_Exercise requirements_
Copy all lines below exactly as written. Leave pictures out.

_Source material_
+++++
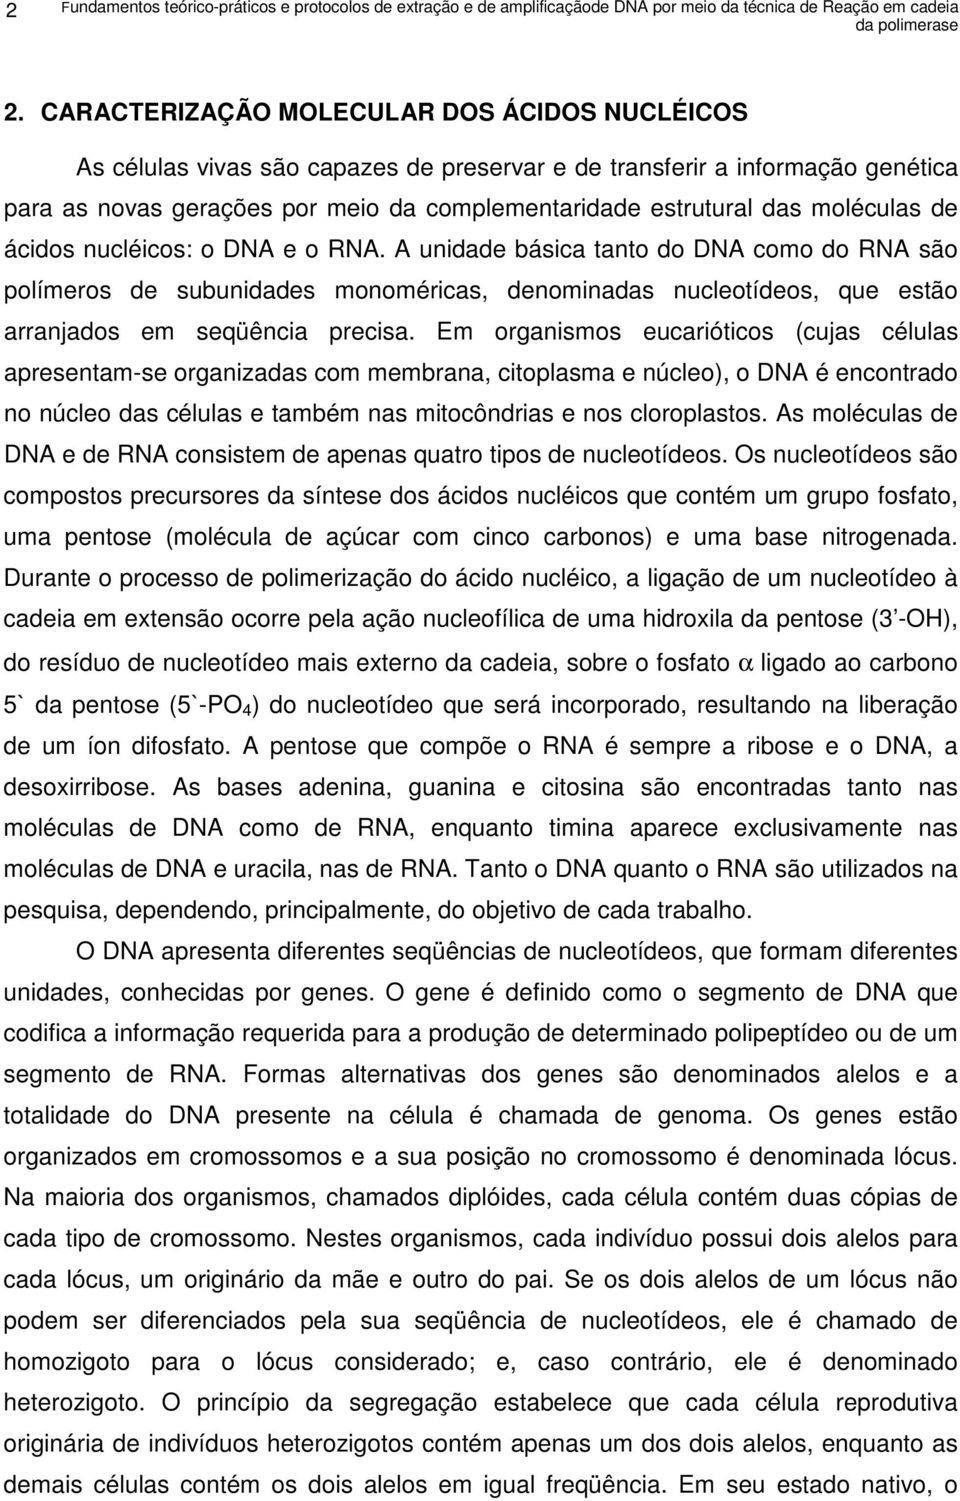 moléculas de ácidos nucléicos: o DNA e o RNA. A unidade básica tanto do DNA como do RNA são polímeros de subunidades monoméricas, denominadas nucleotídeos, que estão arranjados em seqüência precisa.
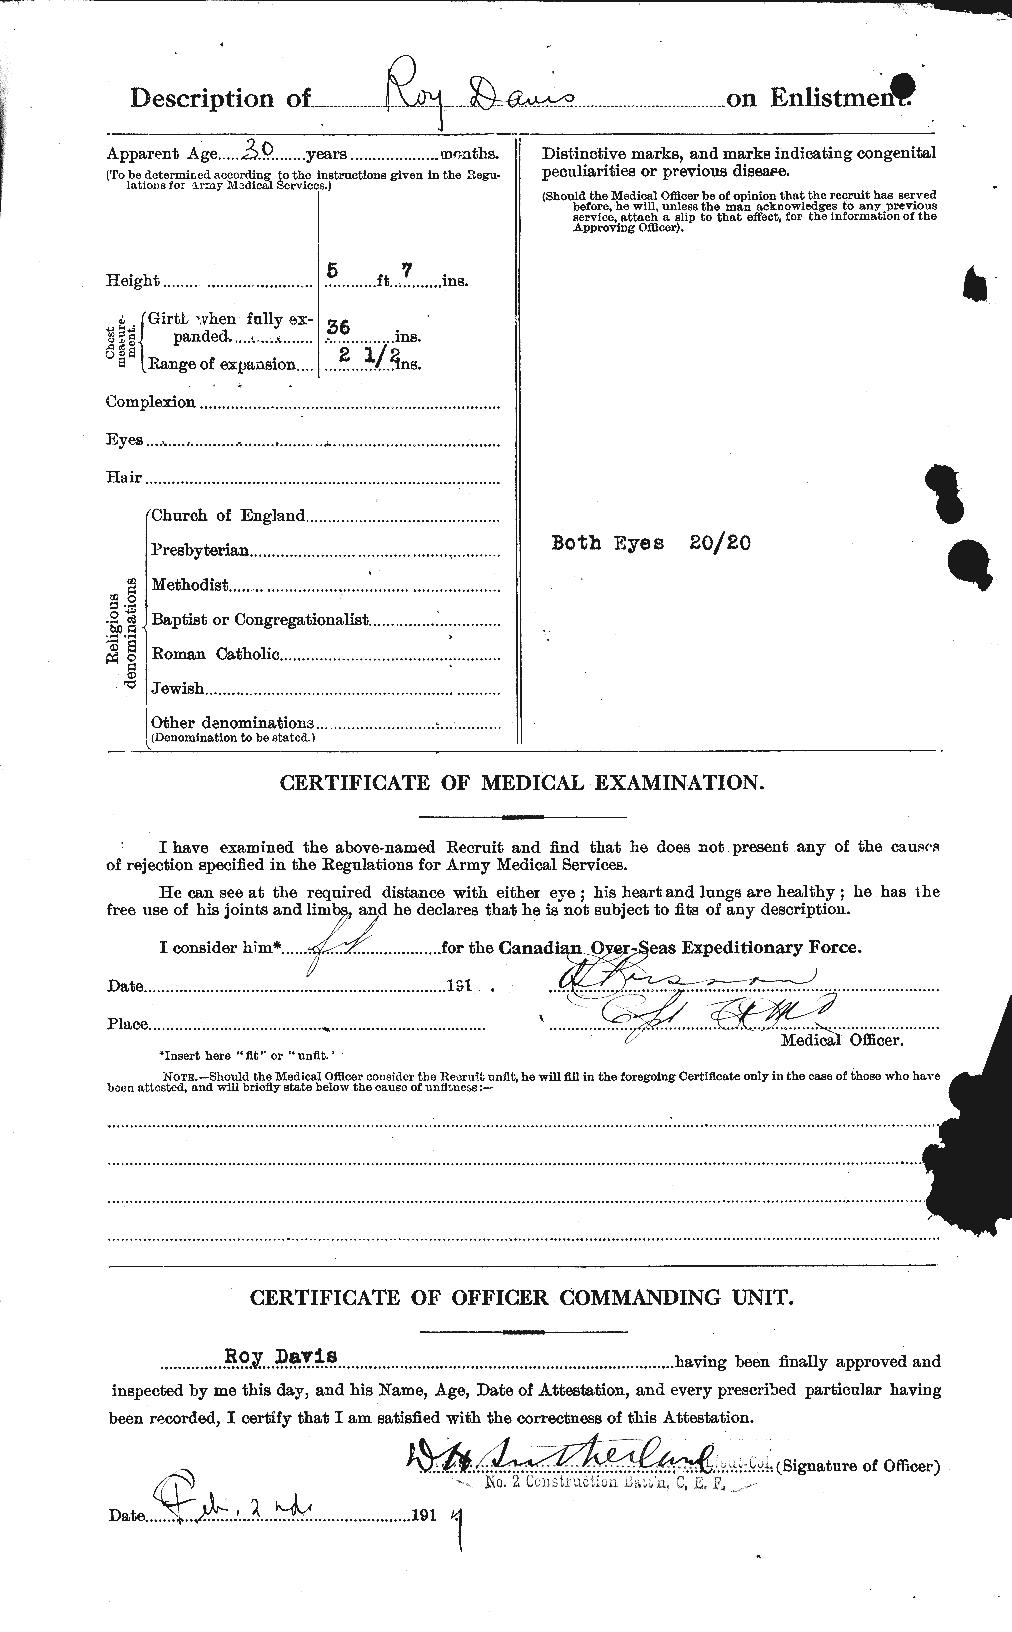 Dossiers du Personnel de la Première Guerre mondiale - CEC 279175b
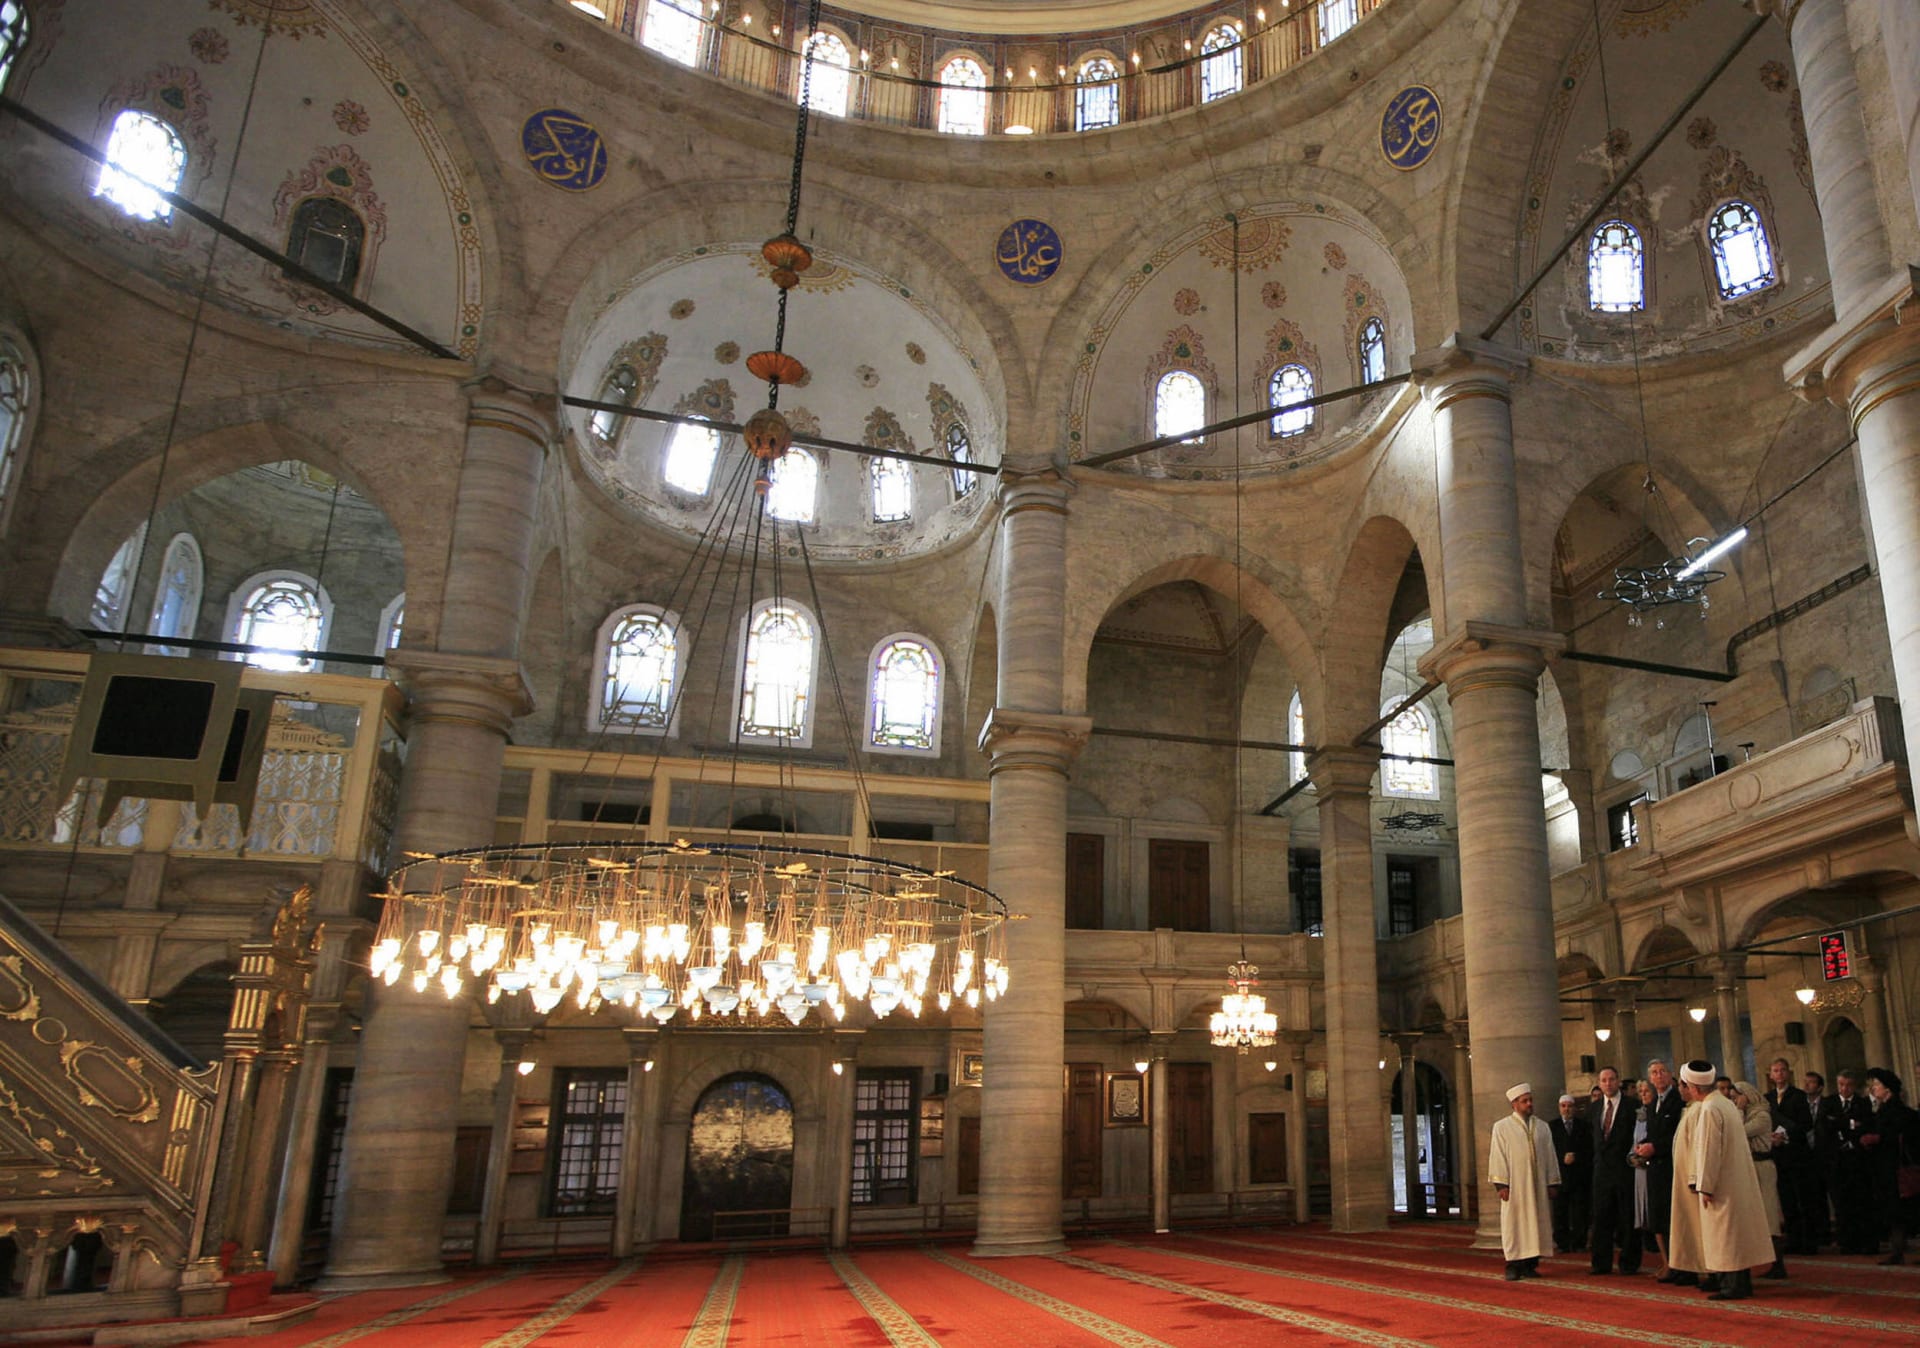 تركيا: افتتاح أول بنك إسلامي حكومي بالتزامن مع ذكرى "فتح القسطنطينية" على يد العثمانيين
+++++
_Answer for this exercise_
 moléculas de ácidos nucléicos: o DNA e o RNA. A unidade básica tanto do DNA como do RNA são polímeros de subunidades monoméricas, denominadas nucleotídeos, que estão arranjados em seqüência precisa.
 Dossiers du Personnel de la Première Guerre mondiale - CEC 279175b
 تركيا: افتتاح أول بنك إسلامي حكومي بالتزامن مع ذكرى "فتح القسطنطينية" على يد العثمانيين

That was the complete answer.